21 June, 2015

What We're Left With

I have my dad's turntable, I have his records. I have his guitar, a white Fender Stratocaster that he would let me play on special occasions. It was his guitar of choice onstage and there are many days where I still don't feel worthy enough to play on it, like I'm desecrating it with my clumsy fingers, my sadly muted f sharp. 


I remember sitting in his studio while he played, strumming alongside him with a beater guitar, my first, as he played the solos to new medleys he was working on: Chicago, the Beatles, the Eagles. There are days when I try to play along with James Taylor because that always reminds me of growing up in the Berkshires with him, guitars in the background, playing around a bonfire or watching him play at a concert on the lake. I usually pick something slow and bluesy, something I don't have to think about while I'm playing.

I had the dream the other night, the same one I can't seem to shake. He was in it, and so were all these faces I didn't know. We were running through a street, not from something, not to something, just running. In real life, he was not a runner. But dream him strides along effortlessly. He doesn't look like himself, but I still know it's him in the way he talks, the way we interact, how it feels to be in his company. He keeps trying to say something to me, but I'm not listening to him, or to anything really, just staring ahead, just running. Sometimes I pretend that the whole dream has some deeper meaning, that if I only think about it enough and push through, I will unlock some great epiphany. But I know it's just a dream, my brain's sophomoric attempt to create something interesting with faux metaphors and pretentious allusions while it whiles away the hours, unable to keep my eyes open, unable to shut my brain off.

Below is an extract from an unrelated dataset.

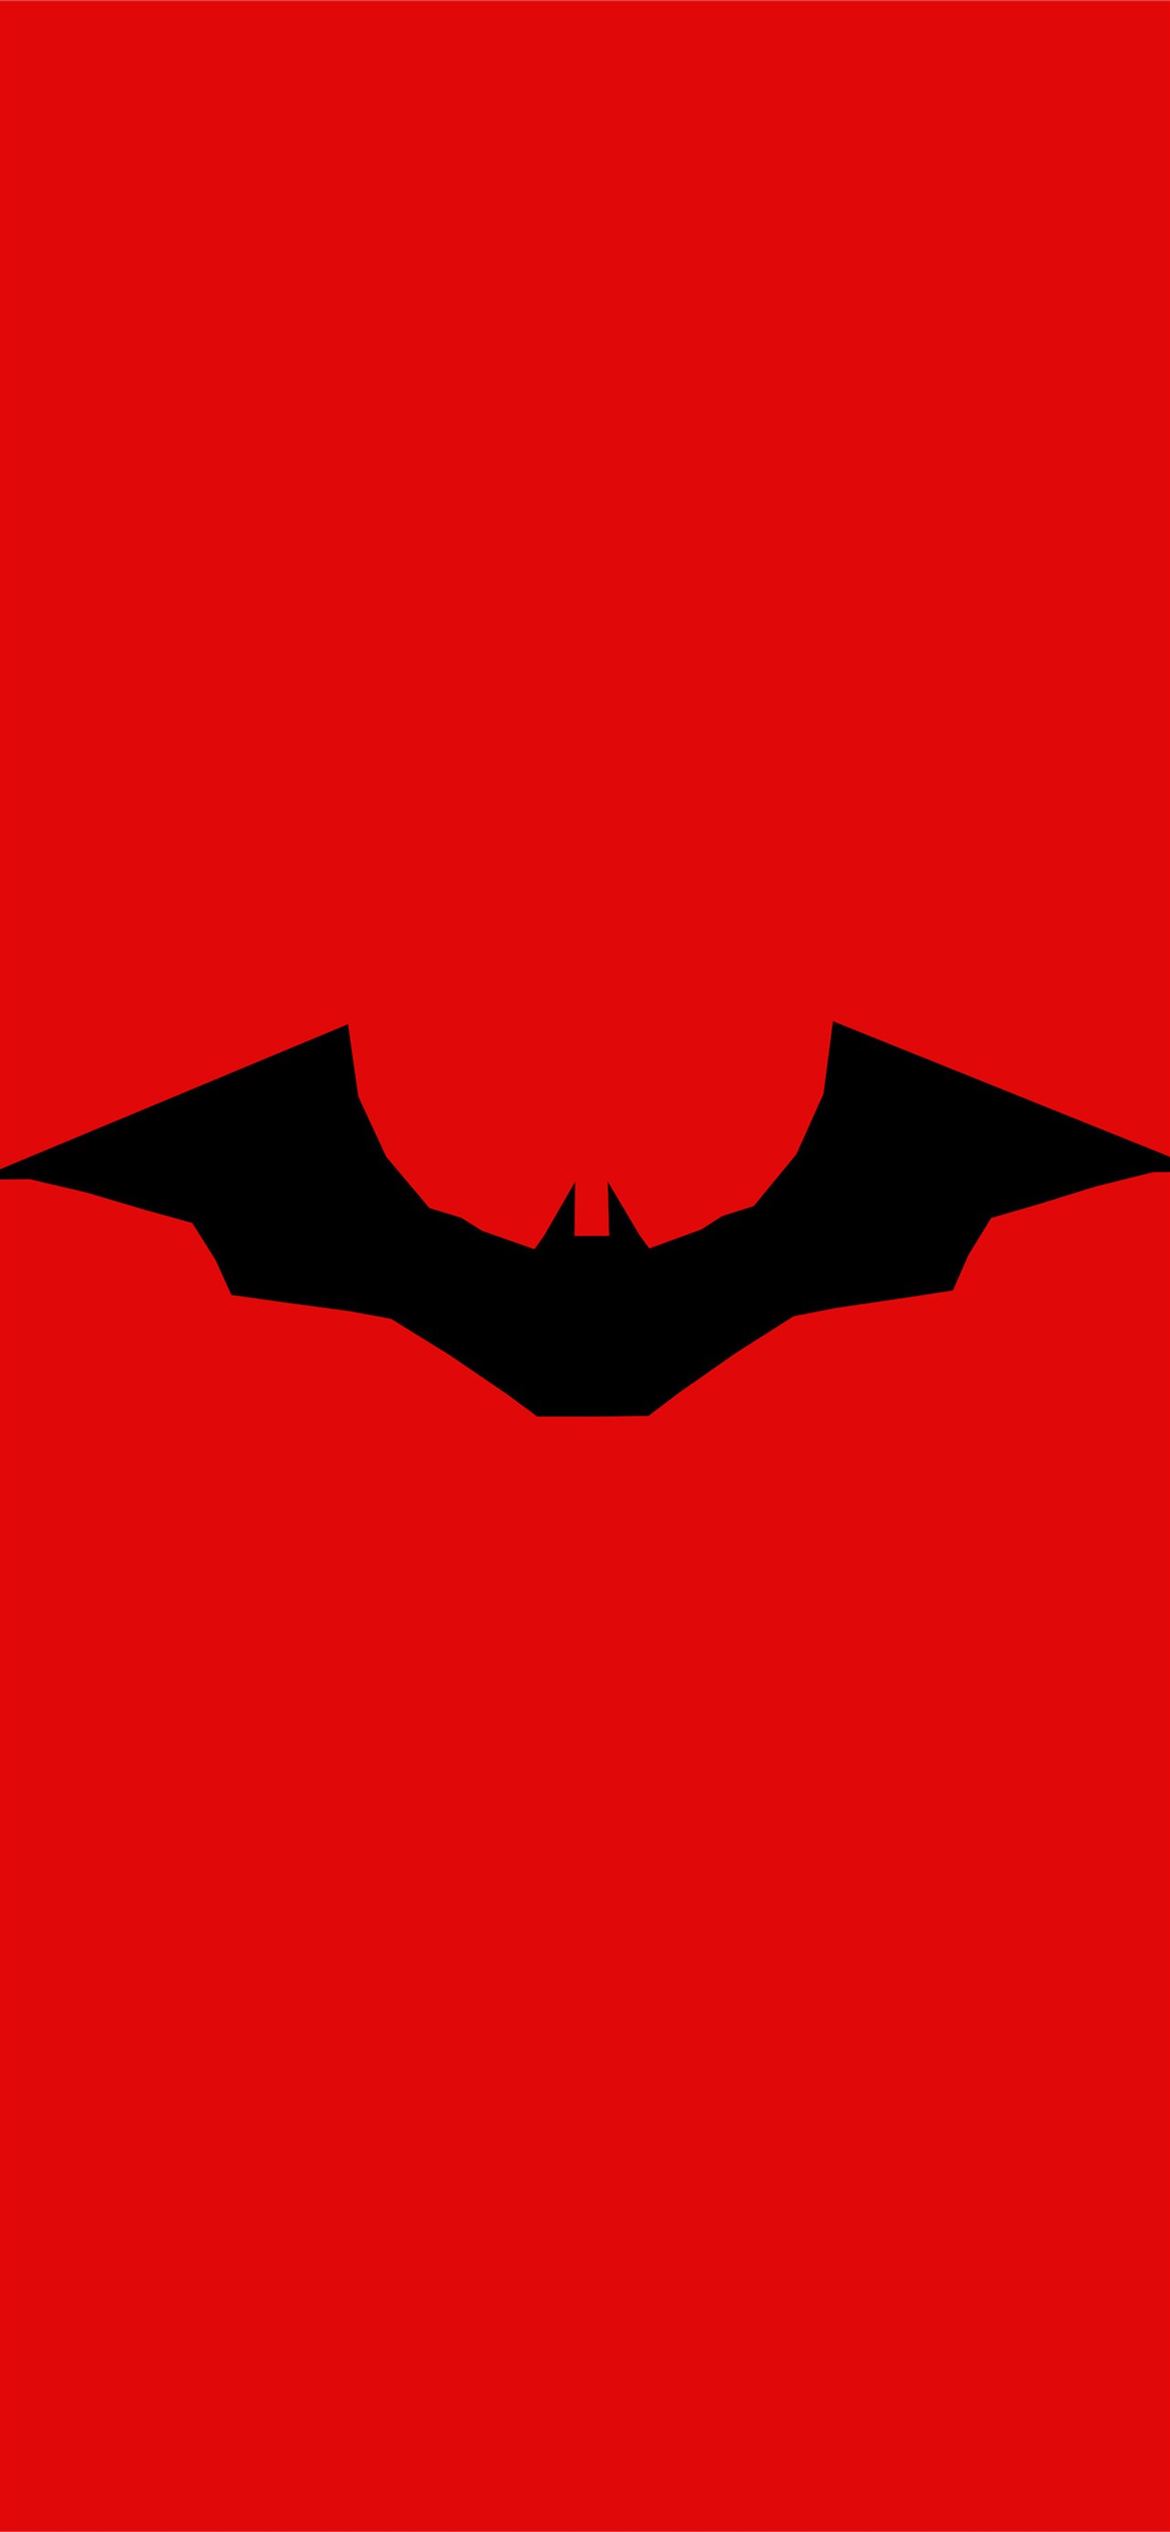 The Batman Logo 4k iPhone Wallpaper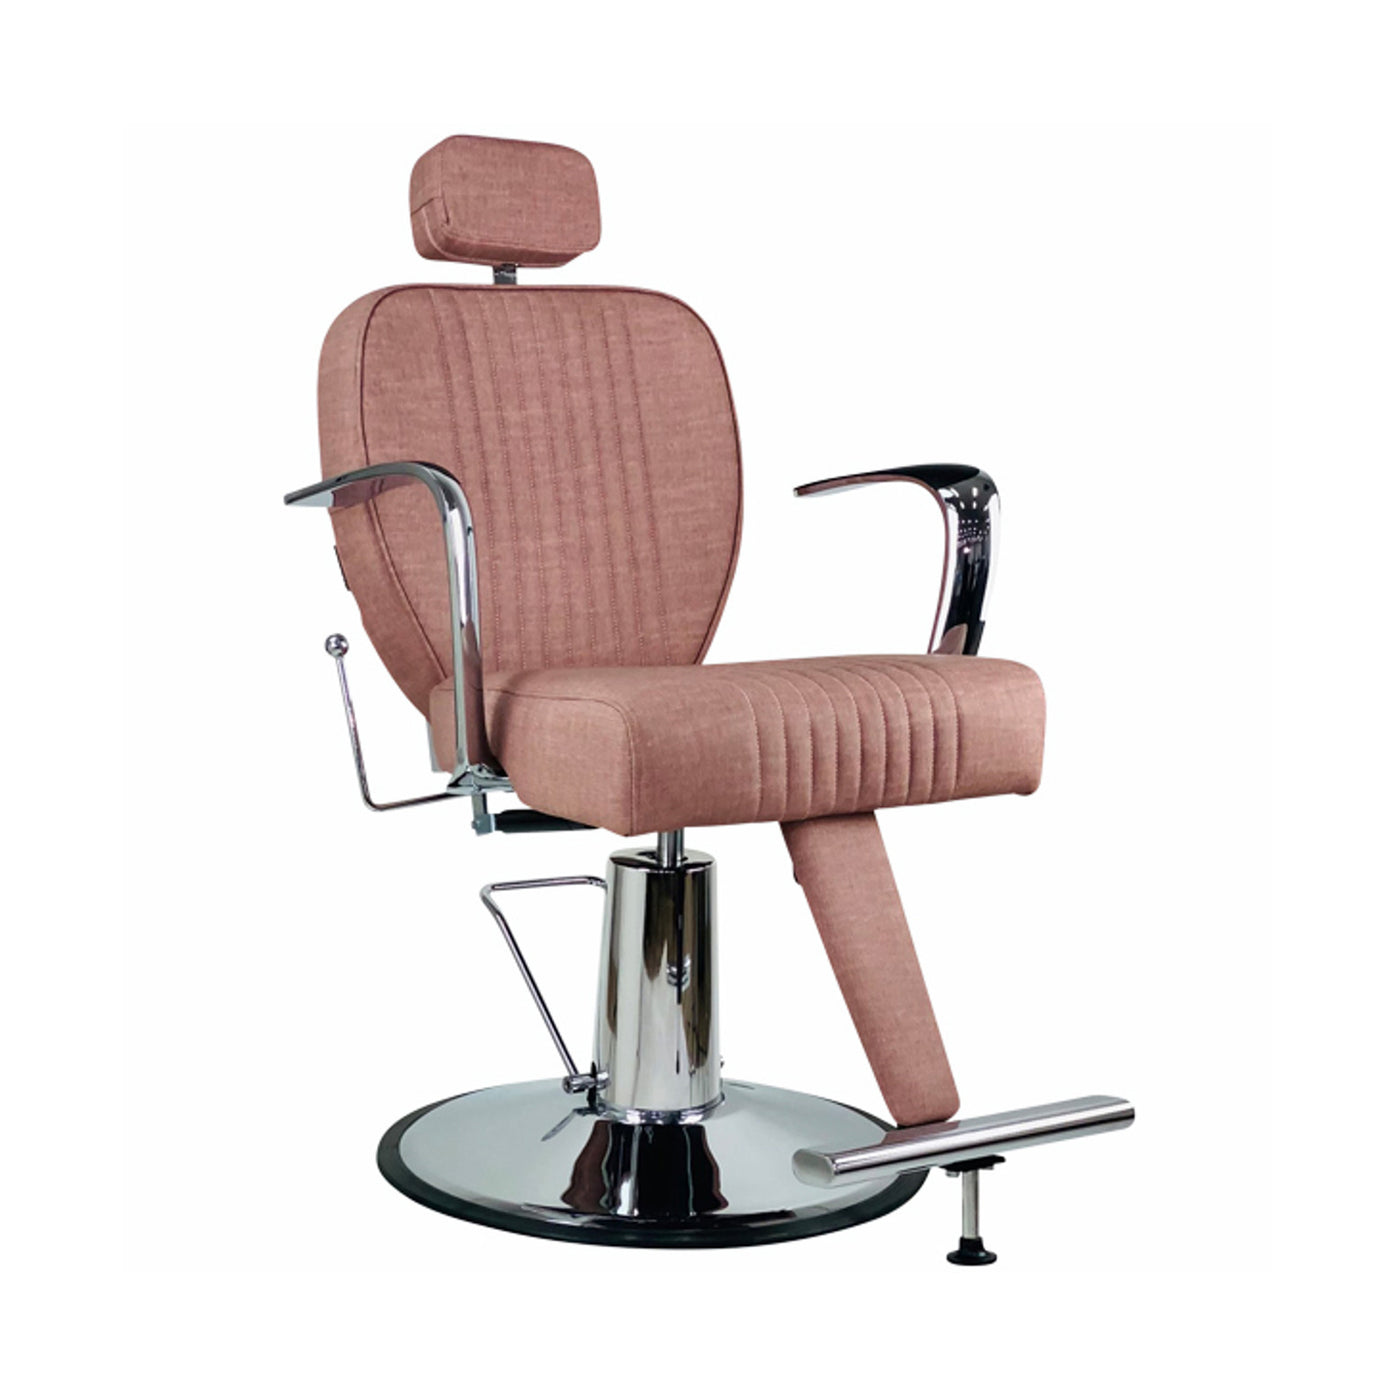 Joiken Titan Reclining Brow & Styling Chair - Dusty Pink side

I wanted to make this a happy post. I wanted to find the humor in the darkness and to tell you funny stories that will make you forget about life for a minute or two. You know, the reason why I created this blog. That's what I wanted for you, that's what I wanted for me. I really did want to, but I just don't know how today.

Because most days, lately, the sun shines too early through the window and falls on the clothes in the corner and the stack of sympathy cards on the table. Most days, it's hard to ignore the kind gestures and echoed platitudes that remind me he's gone. 'He's moved on to a better place.' The pictures from his funeral. 'He had a good life.' The Fender on the bed. 'He's not suffering anymore.' The guitar picks on the dresser. 'He was a good man.' The books he didn't read, and the letter he wrote me before he passed, in his curly scratch of handwriting. He wanted me to read it in front of him. "I'm so proud of the person you've become." You can barely make out the word "person." I usually can't get through it all.

In the end what we're left with, if we're lucky, is a pile of the happy times. Letters, scribbled notes on paper napkins, worn-through flannels, stories shared between sisters, unearthed pictures from before he got sick, two broken fishing rods that we had every intention of fixing. A guitar, some records, and a turn table. 

It's only been a couple months. It'll get easier, people keep reminding me. And I believe in my heart that it will. But it doesn't feel that way today. So instead, I'll take out that guitar and play along, poorly, to some 70s tunes. Maybe even try to read the letter again. (Maybe not.) Maybe try to write something funny again, one day soon. He would like that.